*** Opening of Collected material ***
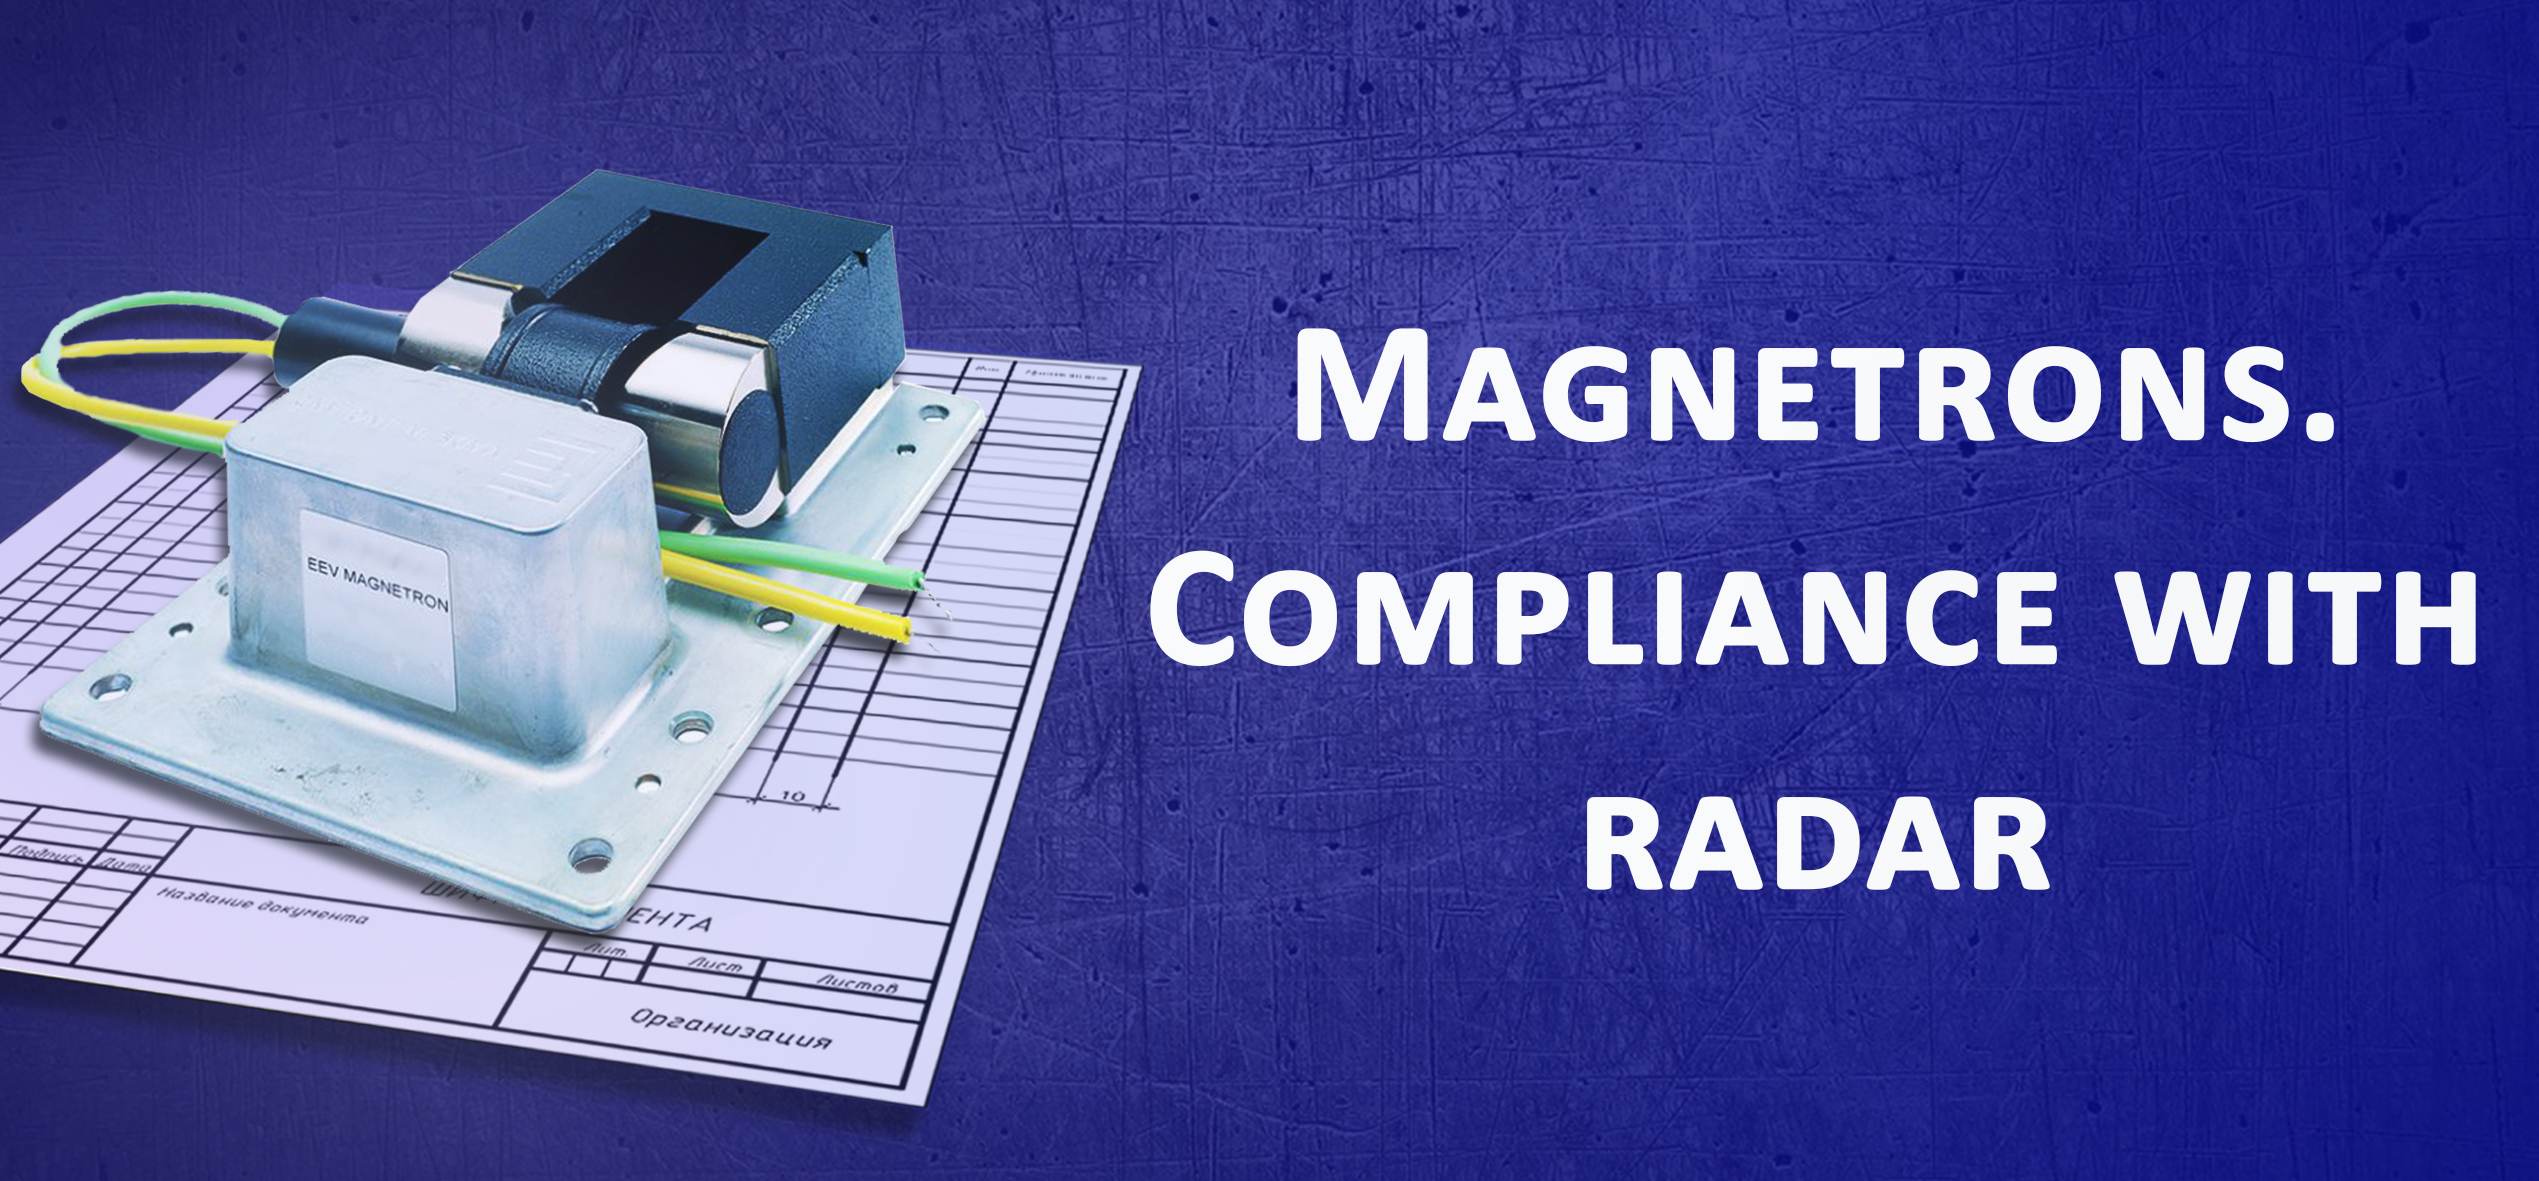 Magnetrons. Compliance with radar.
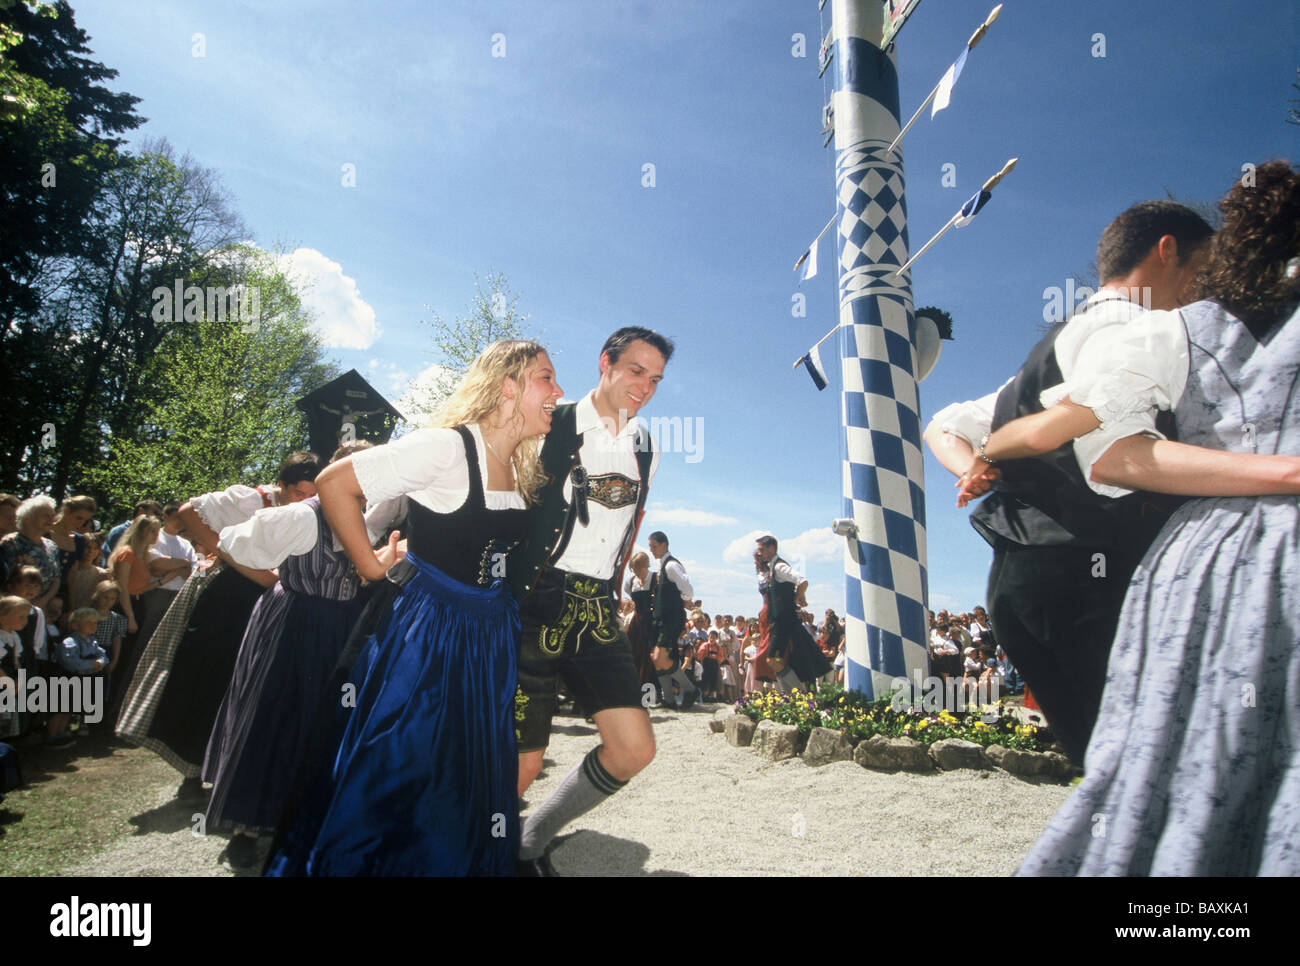 Young men and women dancing around the maypole at the Maypole festival in Holzhausen, Bavaria, Germany Stock Photo
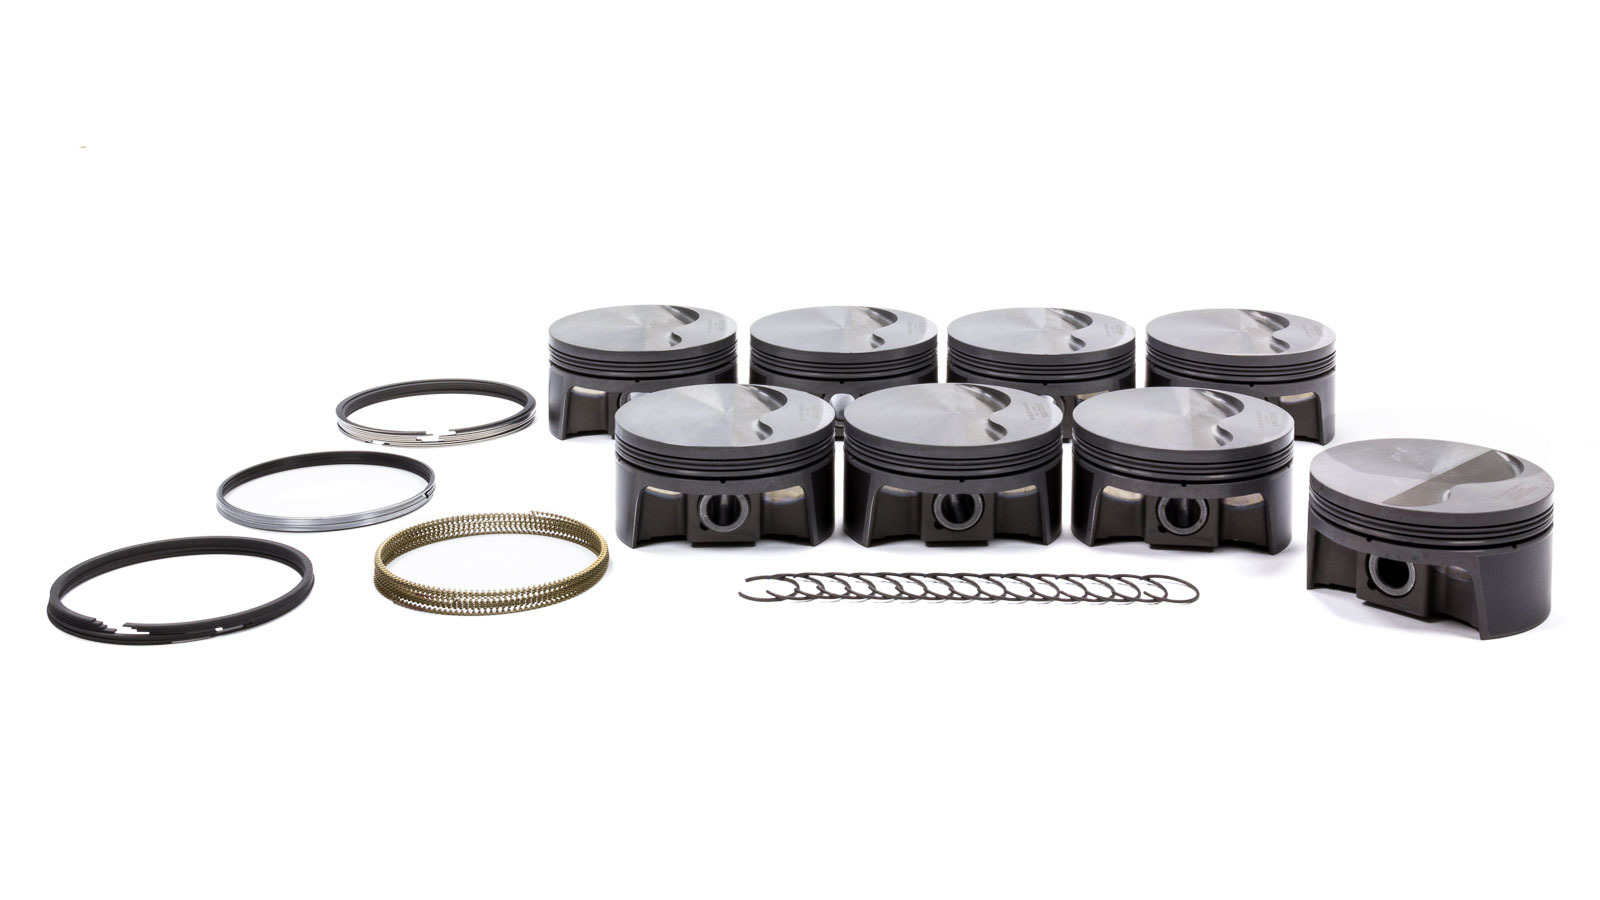 Mahle Pistons 930223070 Piston and Ring, PowerPak, Forged, 4.070 in Bore, 1.0 x 1.0 x 2.0 mm Ring Groove, Minus 4.00 cc, GM LS-Series, Kit
*** Close of Collected material ***
What you are asked to do >>
Please print the data above in its entirety, exactly, but without any picture.

Response >>
 Magnetrons. Compliance with radar.
 Young men and women dancing around the maypole at the Maypole festival in Holzhausen, Bavaria, Germany Stock Photo
 Mahle Pistons 930223070 Piston and Ring, PowerPak, Forged, 4.070 in Bore, 1.0 x 1.0 x 2.0 mm Ring Groove, Minus 4.00 cc, GM LS-Series, Kit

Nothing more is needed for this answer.